THE DATA START

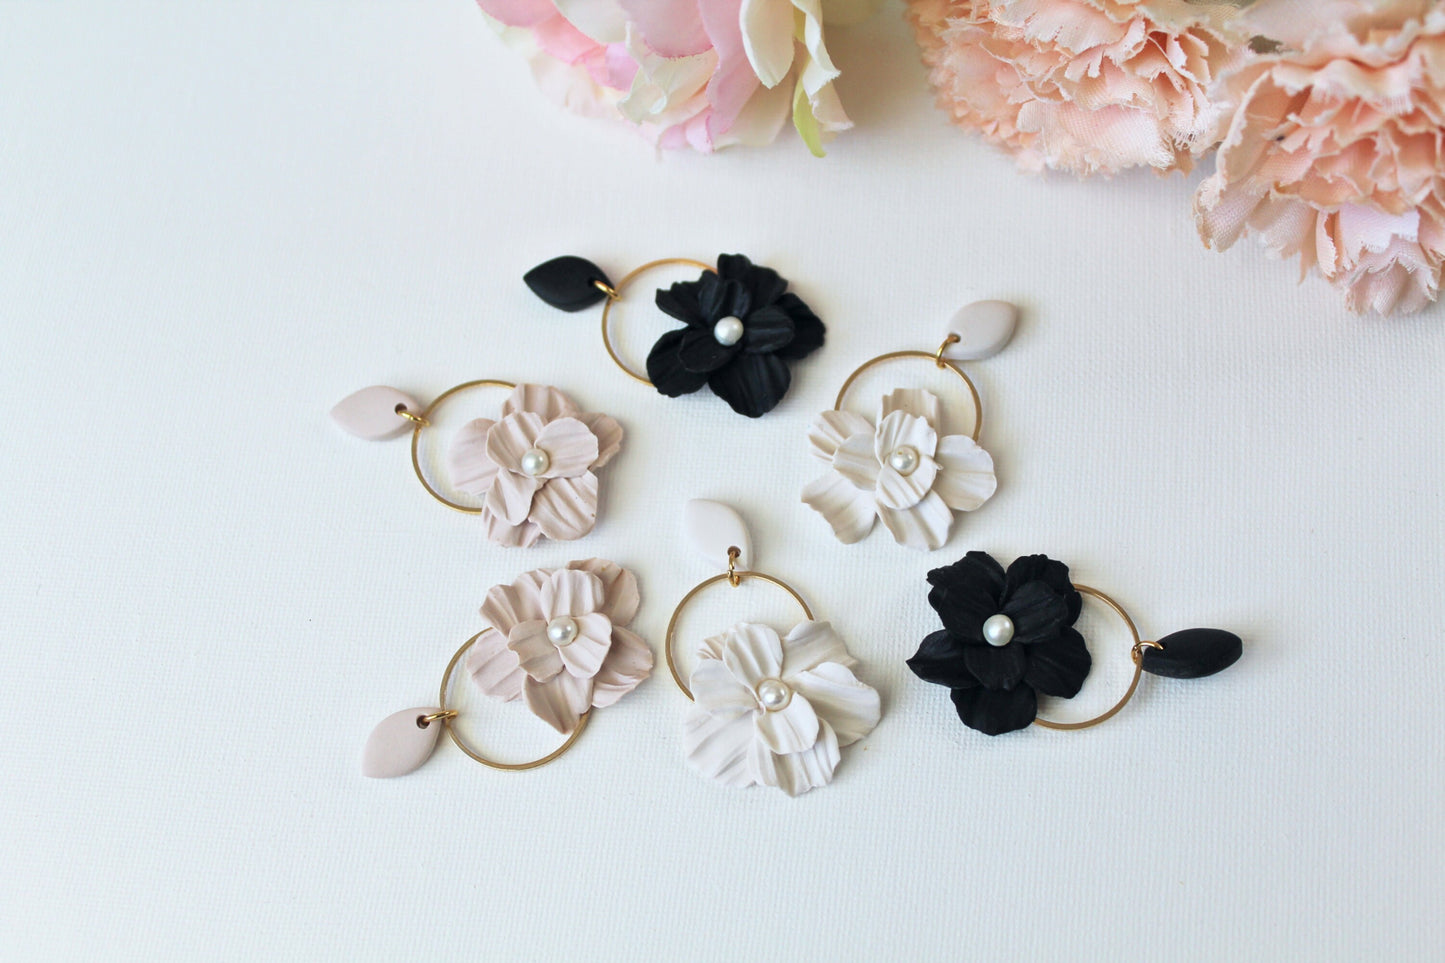 Flower Earrings, Polymer Clay Earrings, Clay Earrings, Floral Earrings, Neutral, Beige, White, Black Earrings, Statement Earrings, Handmade
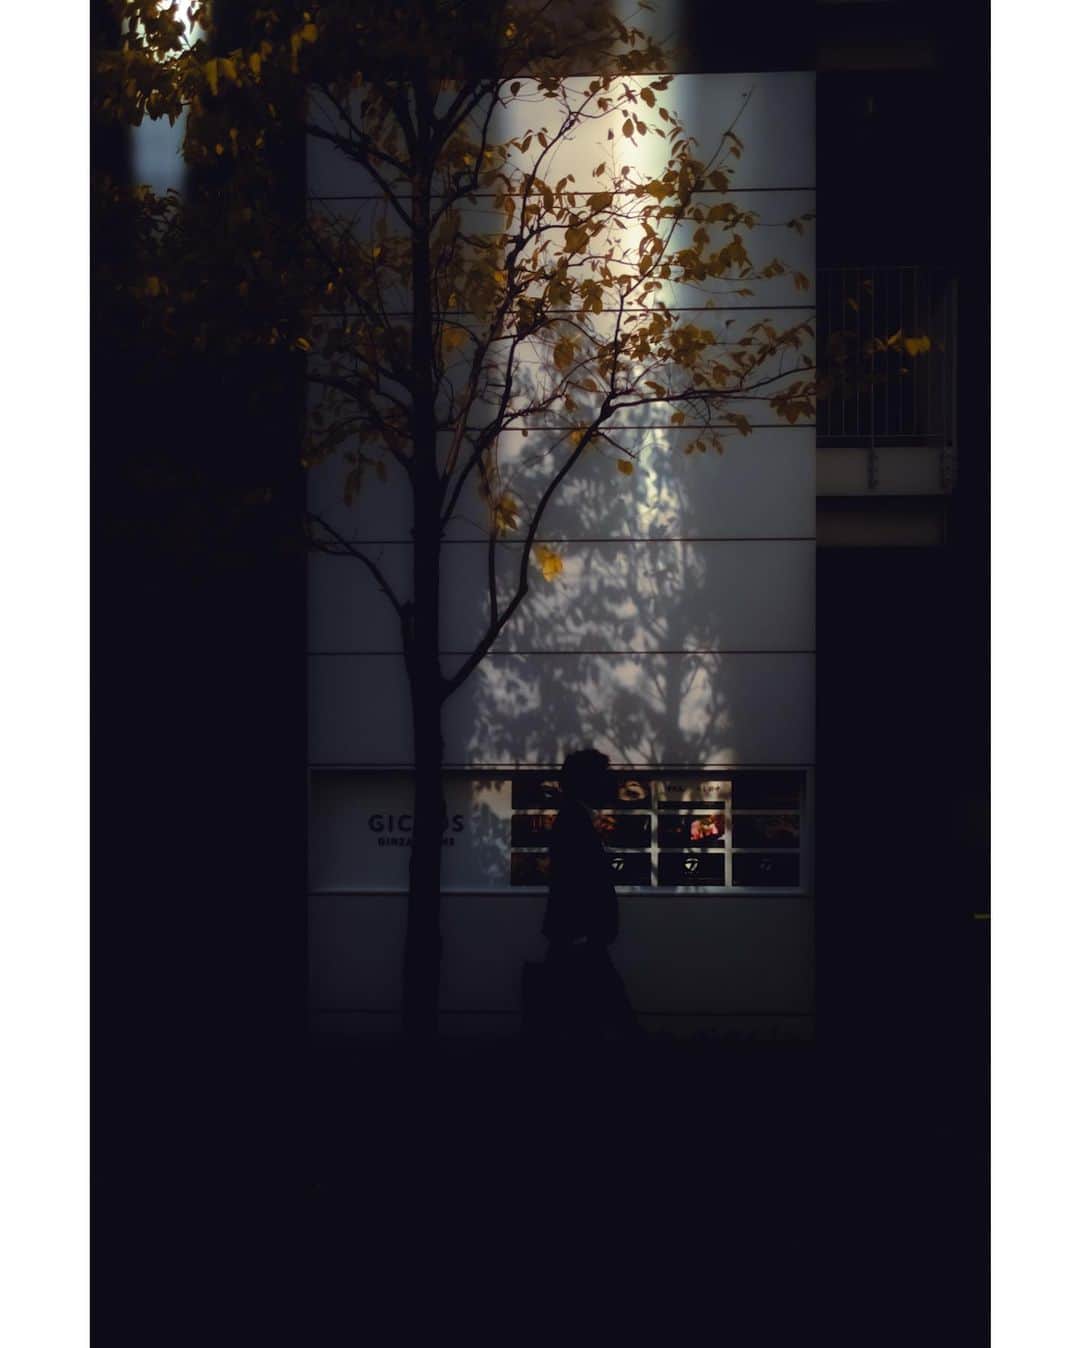 kazhixのインスタグラム：「Tokyo Rhapsody  -Light and shadow on the street-  shot on iphone12  #映画のワンシーンのような一枚を   #ShotoniPhone #apple #instagram  #igersjp #HelloFrom Tokyo #ファインダー越しの私の世界  #tokyocameraclub #daily_photo_jpn #tokyoartsandculture #JapanCityBlues #TokyoTokyo #streetfinder #eyephotomagazine #cinema_streets  #urbanromantix #street_avengers #streetleaks #sublimestreet #streets_storytelling #storyofthestreet #streetsgrammer #streetmoment #voidtokyo  #streetgrammers #shadow_magazine #photo_f16 #cinematicshine」
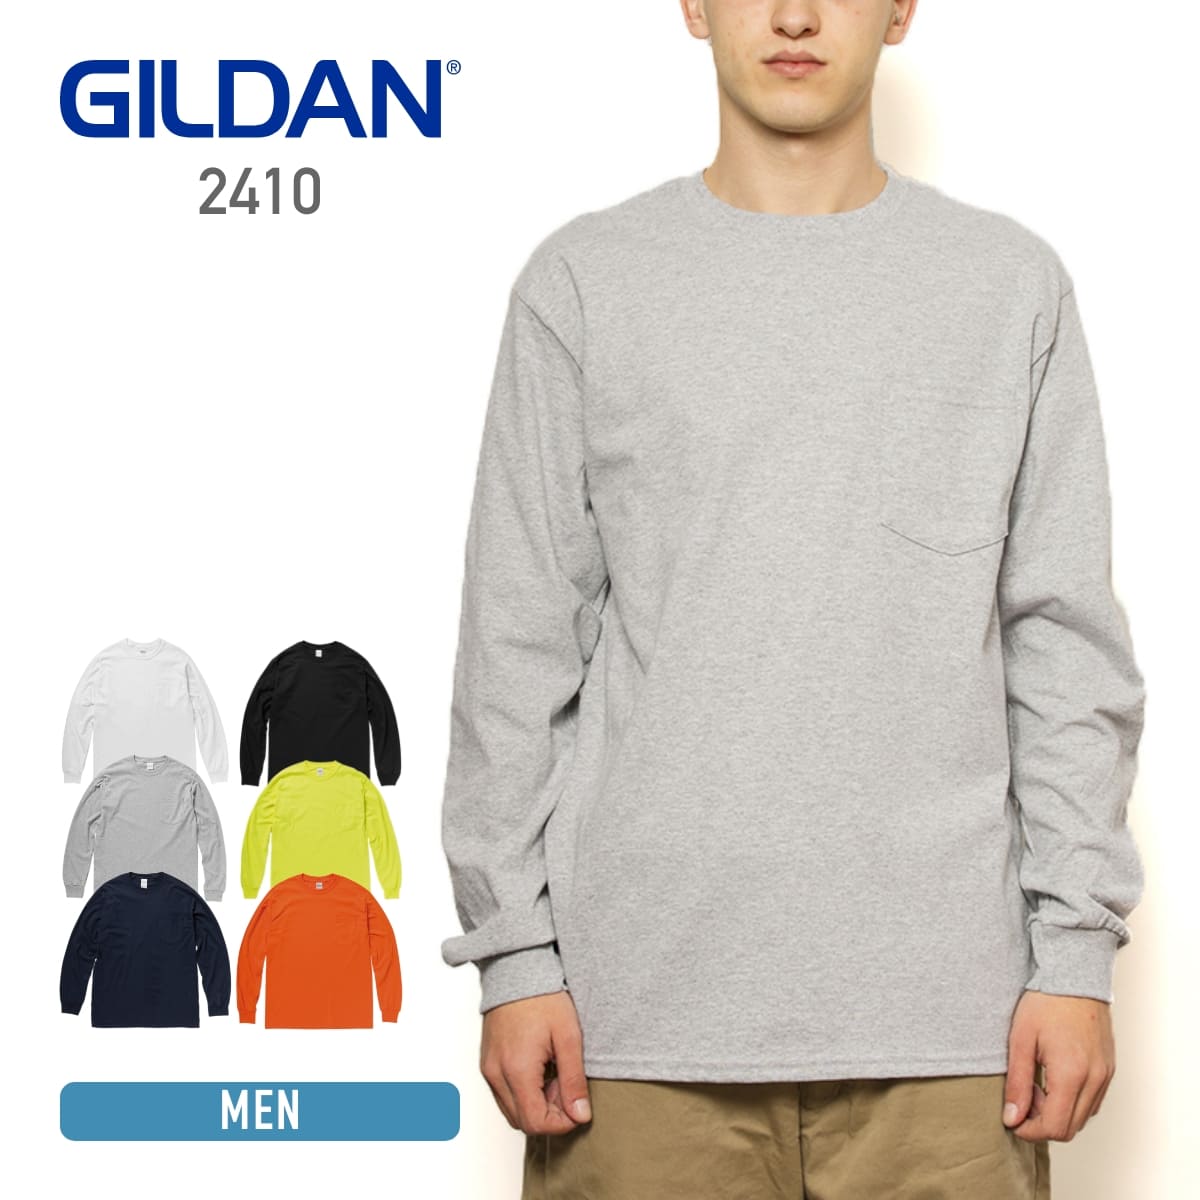 GILDAN/長袖Tシャツ一覧 – Tshirt.stビジネス

THE DATA END

### WHAT YOU ARE ASKED TO DO:
Quote each line of the listing exactly, but leave the pictures out.

### RESPONSE BELOW:
 Flower Earrings, Polymer Clay Earrings, Clay Earrings, Floral Earrings, Neutral, Beige, White, Black Earrings, Statement Earrings, Handmade
 kazhixのインスタグラム：「Tokyo Rhapsody  -Light and shadow on the street-  shot on iphone12  #映画のワンシーンのような一枚を   #ShotoniPhone #apple #instagram  #igersjp #HelloFrom Tokyo #ファインダー越しの私の世界  #tokyocameraclub #daily_photo_jpn #tokyoartsandculture #JapanCityBlues #TokyoTokyo #streetfinder #eyephotomagazine #cinema_streets  #urbanromantix #street_avengers #streetleaks #sublimestreet #streets_storytelling #storyofthestreet #streetsgrammer #streetmoment #voidtokyo  #streetgrammers #shadow_magazine #photo_f16 #cinematicshine」
 GILDAN/長袖Tシャツ一覧 – Tshirt.stビジネス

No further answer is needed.